Sono stati in 360 tra i più importanti industriali brasiliani a viaggiare nella capitale del Río de la Plata per un incontro dal significativo titolo “crescere insieme”. E proprio questi, dal 2002 in avanti, sono venuti ad investire almeno otto miliardi di dollari nell’Argentina post-fondomonetarista.
Se si fa eccezione per la questione degli agro combustibili, che il Brasile difende in quanto grande produttore e l’Argentina critica, l’agenda bilaterale rileva solo comunanza di vedute per un’Argentina che rallenta il passo. Nel pomeriggio si è unito a Lula e Cristina anche Chávez.
Il presidente venezuelano ha dichiarato che “siamo tre paesi che si integrano in maniera spettacolare e formano l’asse centrale del Sud che rafforza tutta la regione. E’ un’alleanza agroalimentare, industriale, scientifica, energetica e finanziaria.
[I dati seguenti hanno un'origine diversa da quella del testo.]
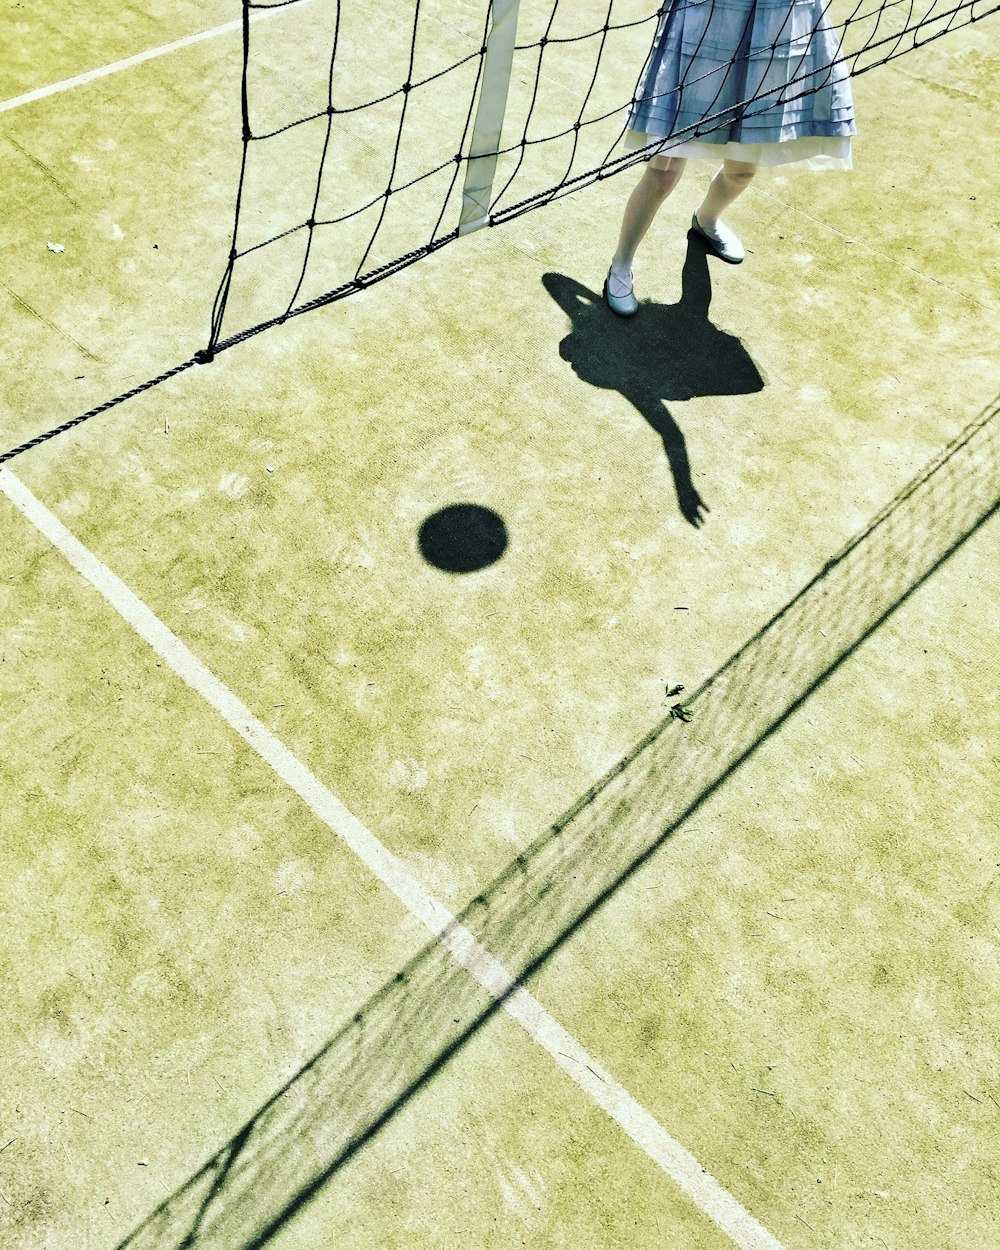 Schattenreflexion eines Mädchens, das Volleyball spielt

Abbiamo tutto perchè il Sudamerica sia una potenza”.
In serata i tre presidenti sono andati nella località di Almirante Brown ad inaugurare un programma di costruzione di case popolari voluto dalle Madri di Plaza de Mayo e accompagnati dalla dirigente storica di questa organizzazione Hebe Bonafini.
Oggi Cristina Fernández e Hugo Chávez si trasferiscono in Bolivia per dare appoggio concreto a Evo Morales nella parte finale della campagna per il referendum revocatorio del prossimo 10 agosto. Anche se infastidisce molti, soprattutto in Europa e in Nord America, il sogno di Simón Bolívar di un’America unita avanza.